The pixel clock signal p may be generated by programming a Phase-locked Loop (PLL) built in a digital-to-analog converter ADC of the data acquisition and digital-to-analog conversion module 87. In this embodiment, the digital-to-Analog converter ADC employs an AD9984a chip of Analog Device Inc. The pixel clock signal p is derived from the row synchronization pulse signal (H-sync)82 and can be generally determined by the following mathematical relationship:

f_p＝N×f_H(9)

wherein f is_pIs the frequency of the pixel clock signal, f_HIs the frequency of the line sync pulse, and N is an integer used to determine how many pixel clocks need to be generated in a line sync pulse. The size of N is determined by the user through programming.

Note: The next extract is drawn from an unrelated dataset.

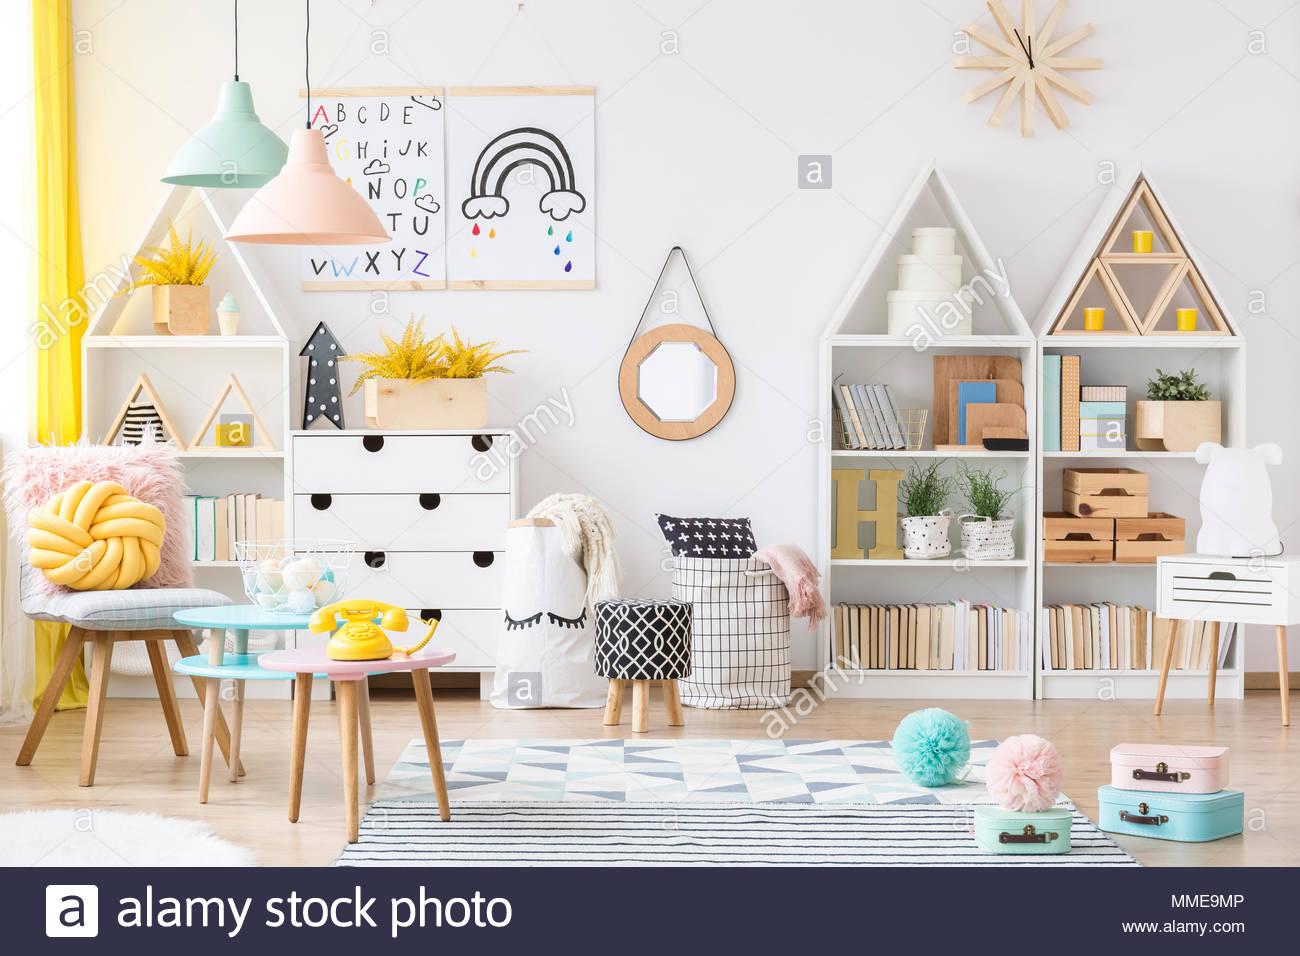 Full Size of Zwei Einfache Plakate Hngen An Weie Wand Im Kinderzimmer Regal Weiß Regale Sofa Kinderzimmer Kinderzimmer Einrichtung

As shown in fig. 8, the pixel clock signal p may also be generated by programming a dedicated phase-locked loop circuit. In this embodiment, the pll circuit may employ a 501A pll chip of an IDT. The pixel clock signal p and the line synchronization pulse signal h also satisfy the condition of equation (9).

In this embodiment, the pixel clock signal p generated by the dedicated phase-locked loop circuit is used as an external pixel clock for an ADC (e.g., an ADS58C48 digital-to-analog conversion chip of texas instrument) for digitizing the analog image signal from the SLO.

The field sync signal (V-sync)14 and the pixel clock signal p as shown in fig. 8 are both obtained by phase-locking the row sync signal (H-sync) 82.

The pixel clock p and the digitized line synchronization signal h described above are used to phase-lock the light source modulation signals of the modulation methods described in embodiments 1 to 3 described above.

In addition, in the embodiment of the confocal imaging system of the present invention, the optical system is an 8kHz fast resonant scanning mirror model CRS8k from cambridge technology Inc.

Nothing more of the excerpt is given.